## YOUR OBJECTIVE
Within the listing below, give again exactly the lines between the one containing "Mike Trout's throwing" and the one containing "10pcs/lot CZ Paved", inclusive, pictures left aside.
═════ DATA LISTING ═════
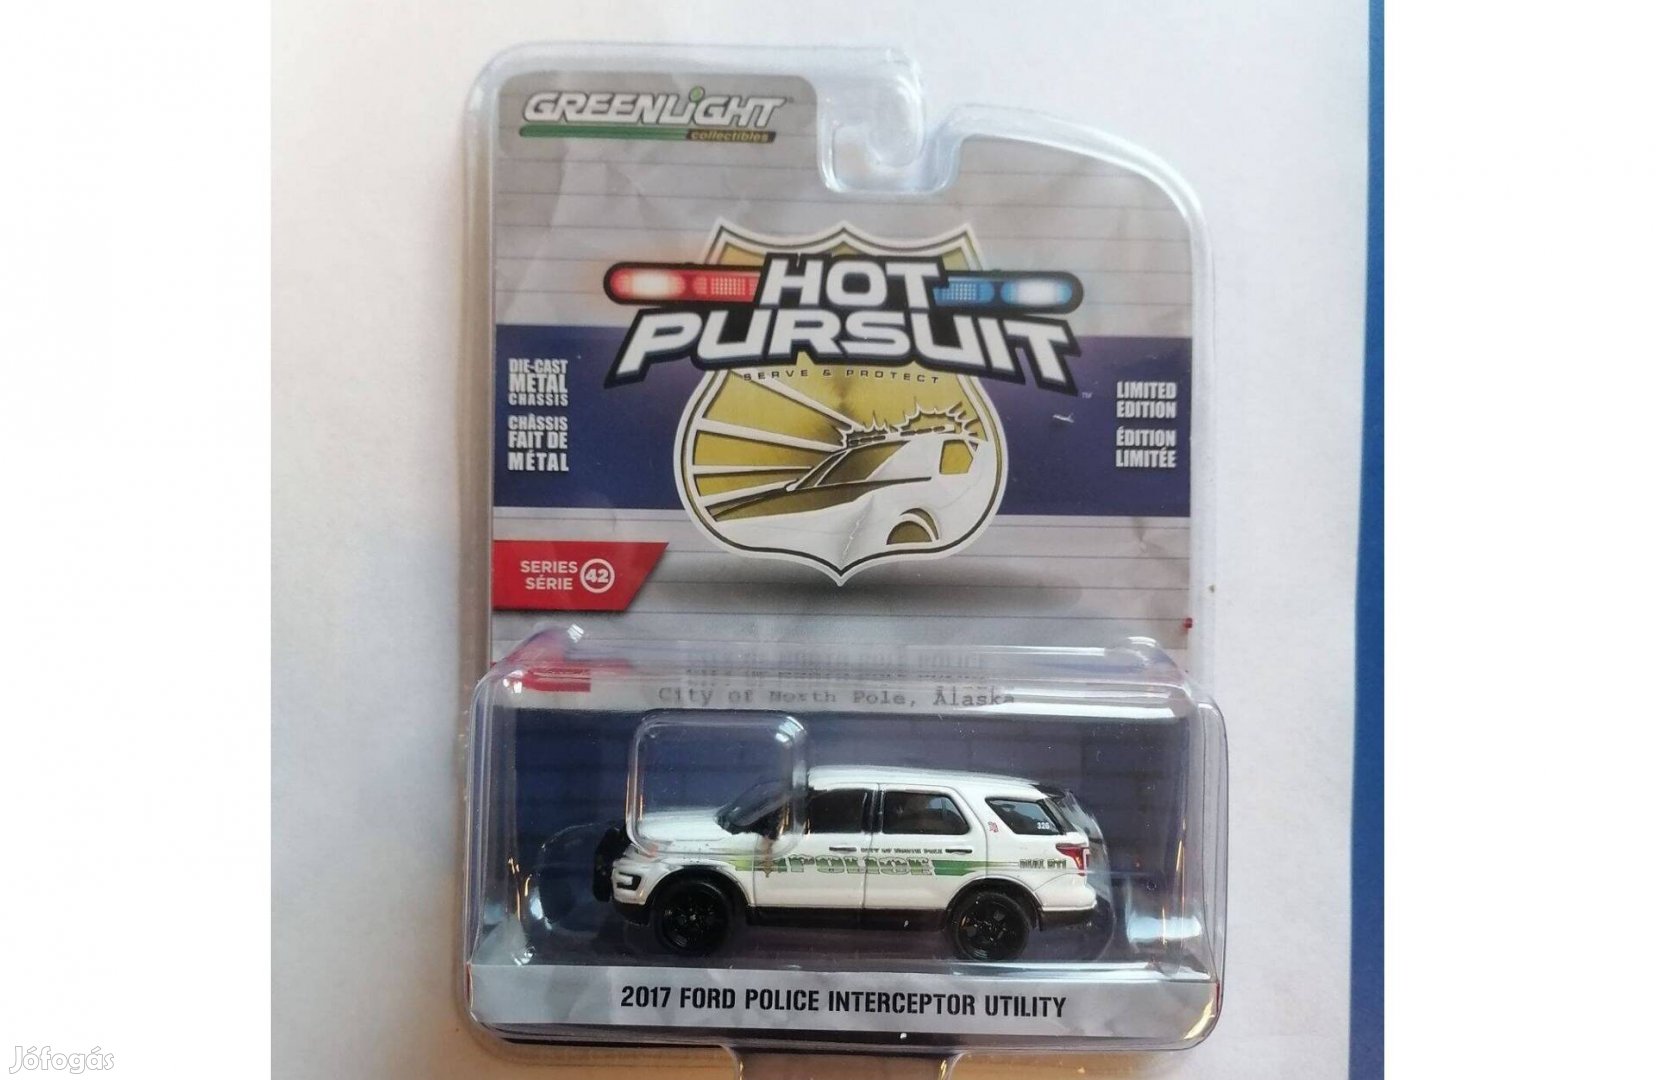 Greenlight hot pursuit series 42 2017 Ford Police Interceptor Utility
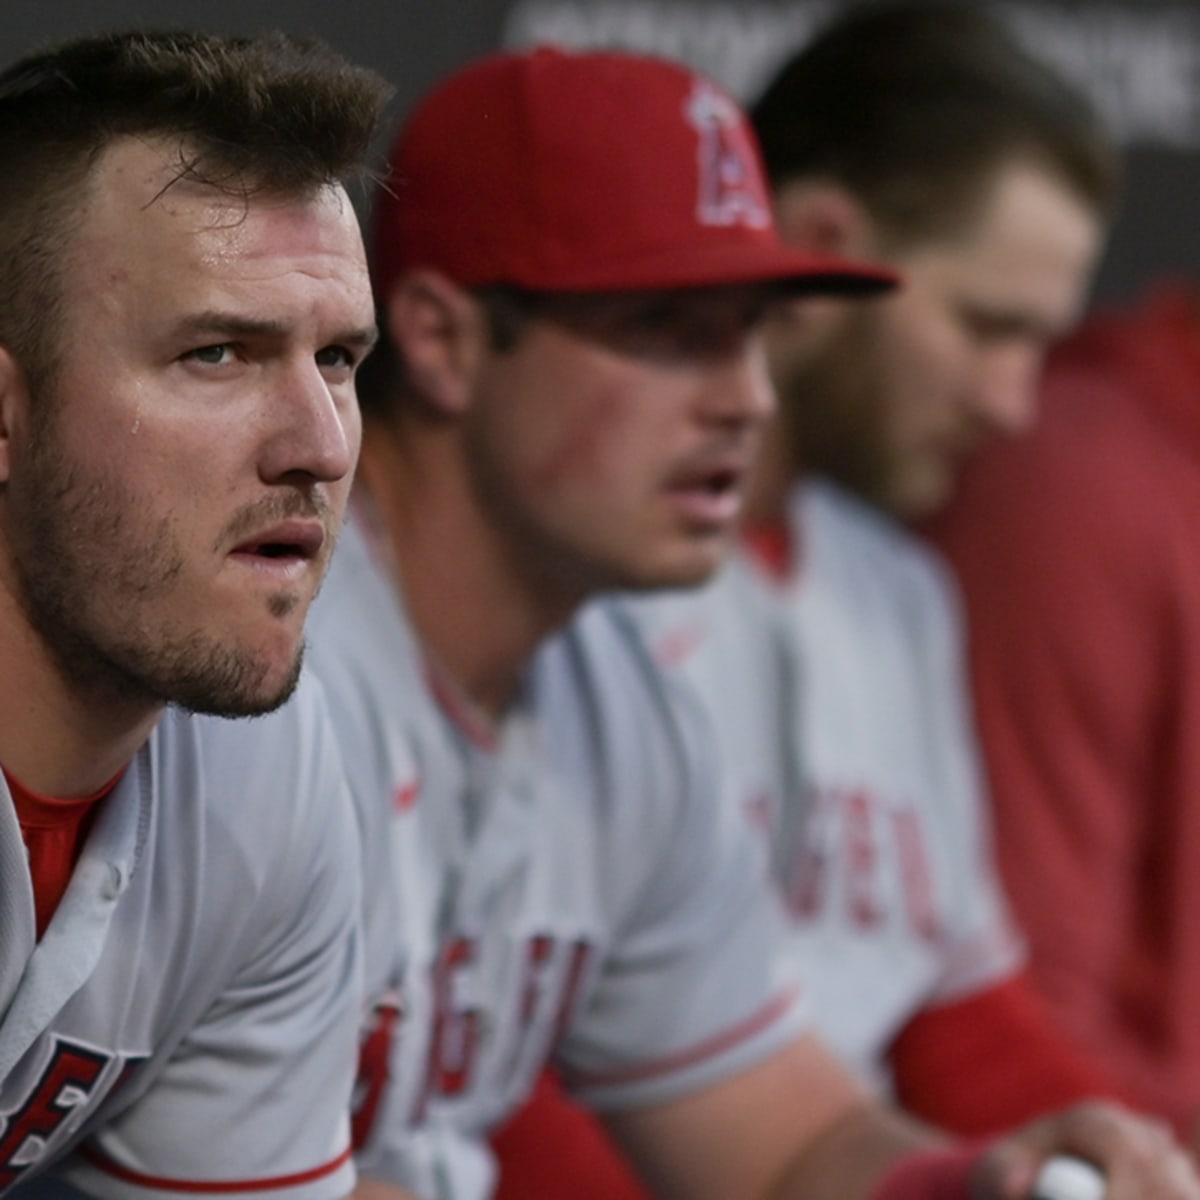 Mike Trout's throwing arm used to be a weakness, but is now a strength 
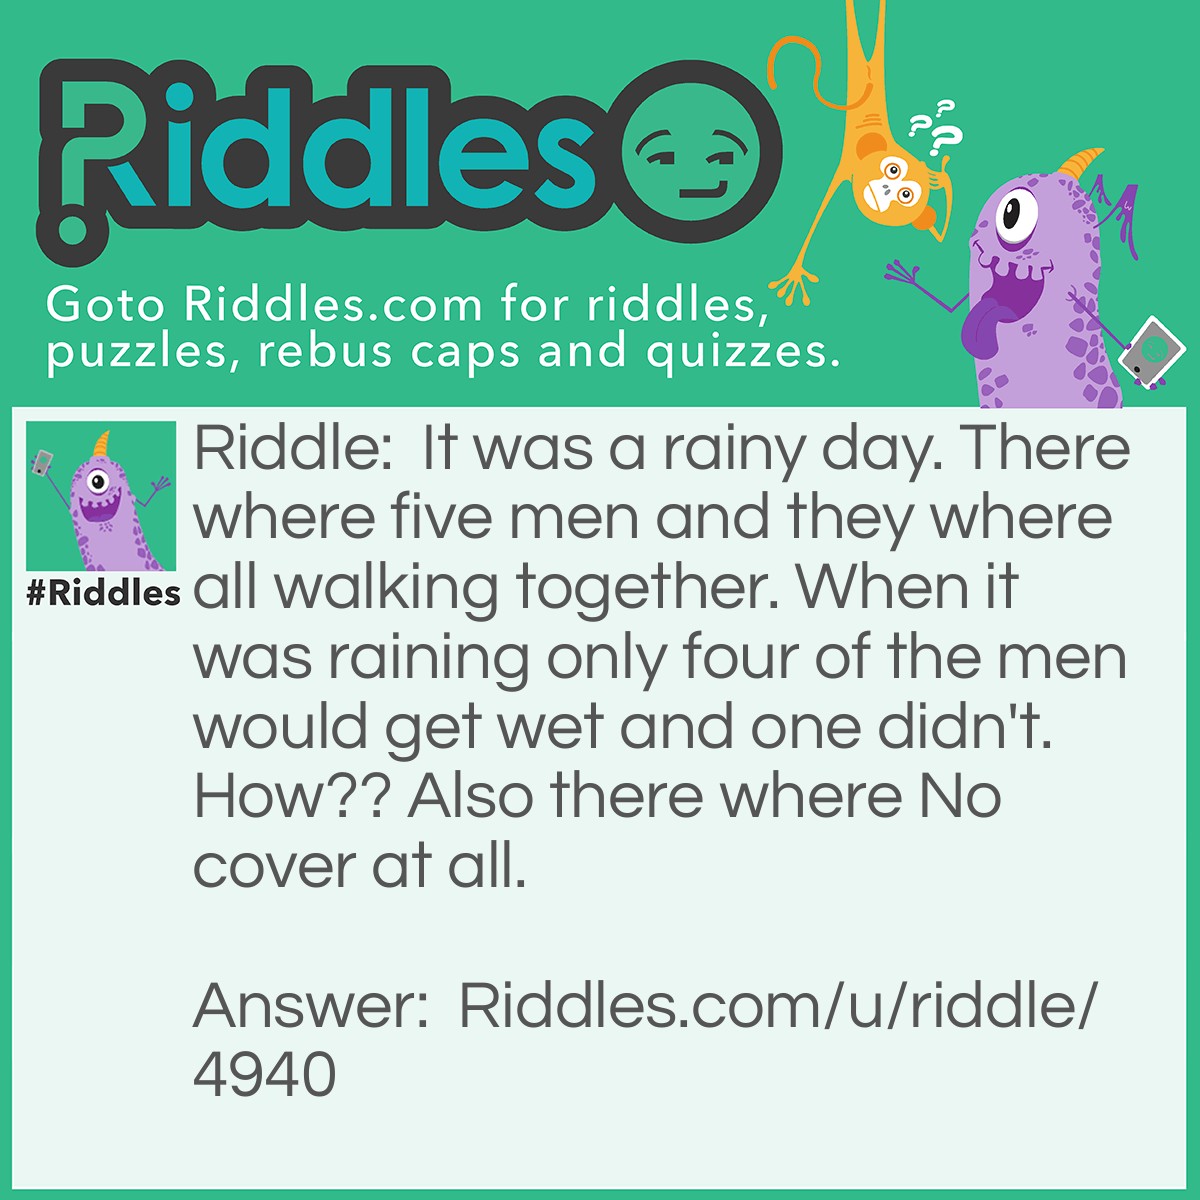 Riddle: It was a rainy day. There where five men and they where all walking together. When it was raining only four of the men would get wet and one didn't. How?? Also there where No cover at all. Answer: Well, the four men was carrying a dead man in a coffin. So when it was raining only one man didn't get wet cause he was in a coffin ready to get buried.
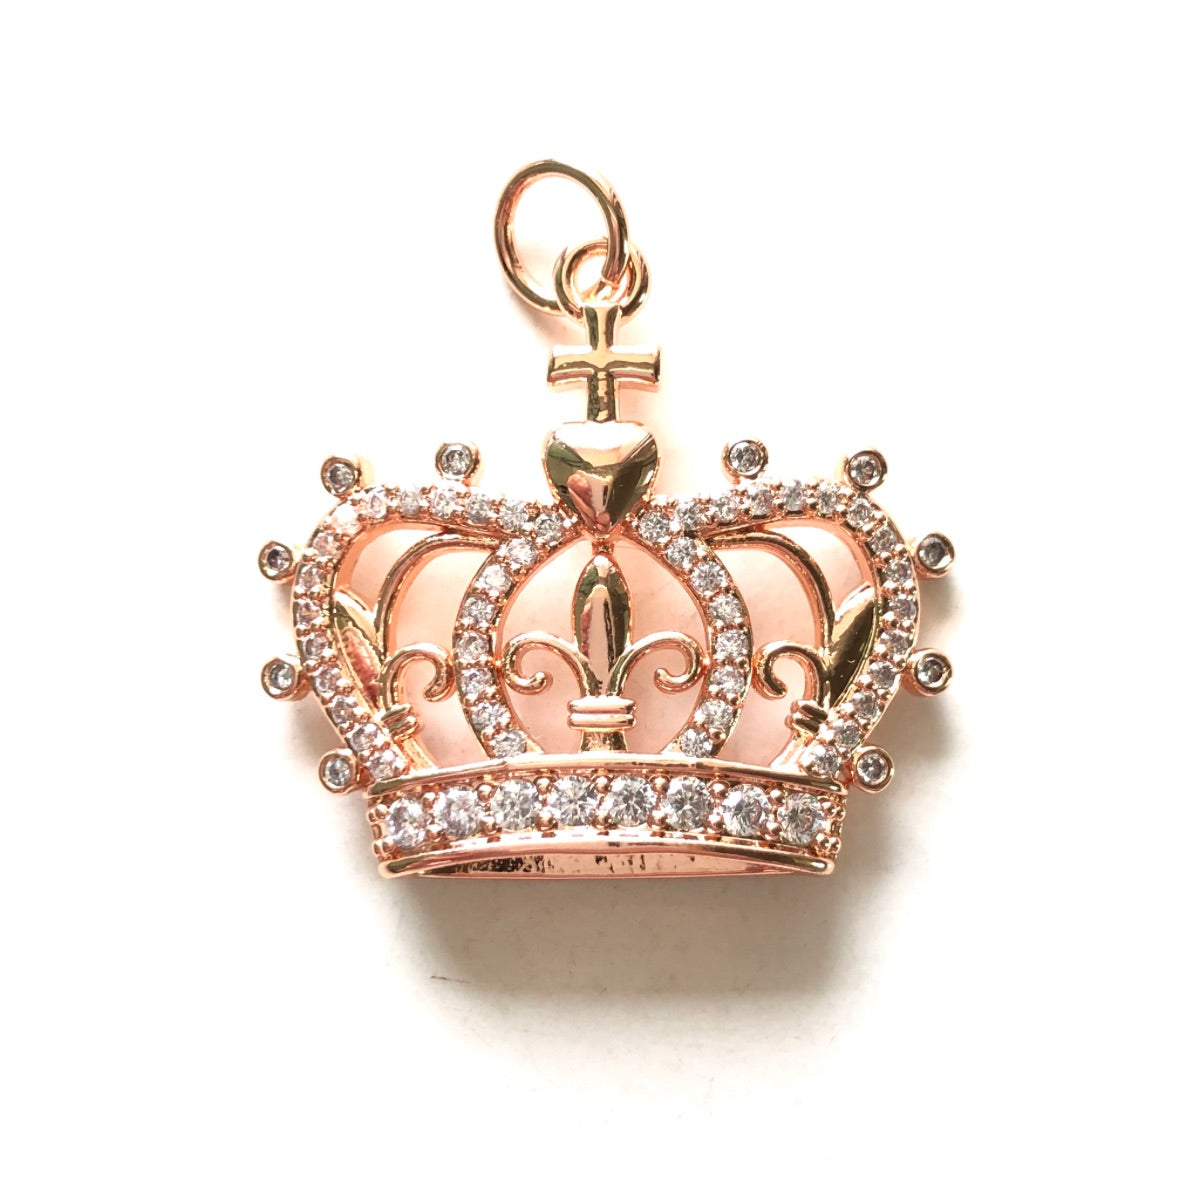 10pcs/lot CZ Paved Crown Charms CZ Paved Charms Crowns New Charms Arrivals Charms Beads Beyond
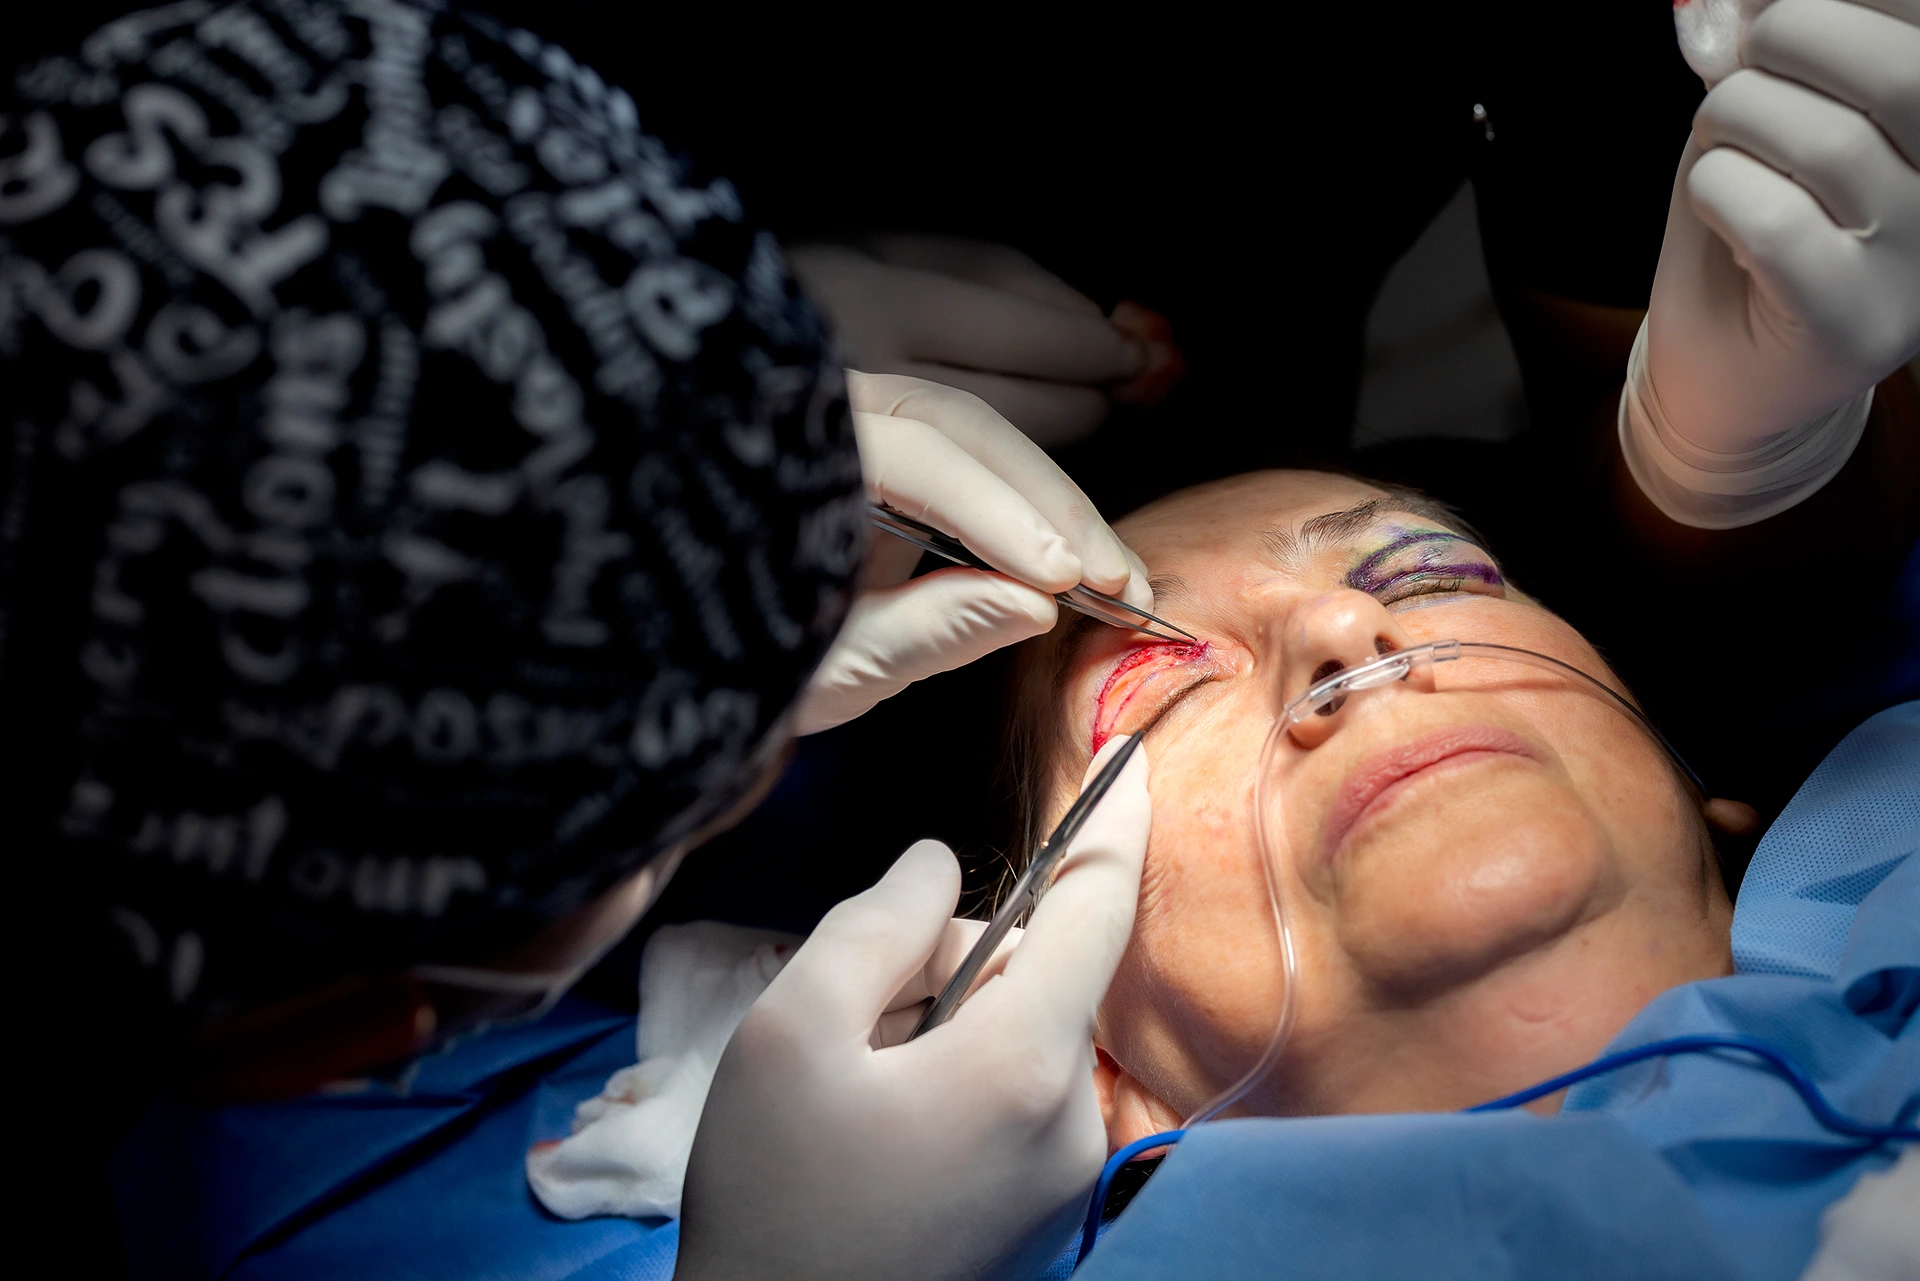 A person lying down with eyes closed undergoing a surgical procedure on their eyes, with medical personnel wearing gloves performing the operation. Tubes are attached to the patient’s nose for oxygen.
═════
## ANSWER BOX
 Mike Trout's throwing arm used to be a weakness, but is now a strength 
 Riddle: It was a rainy day. There where five men and they where all walking together. When it was raining only four of the men would get wet and one didn't. How?? Also there where No cover at all. Answer: Well, the four men was carrying a dead man in a coffin. So when it was raining only one man didn't get wet cause he was in a coffin ready to get buried.
 10pcs/lot CZ Paved Crown Charms CZ Paved Charms Crowns New Charms Arrivals Charms Beads Beyond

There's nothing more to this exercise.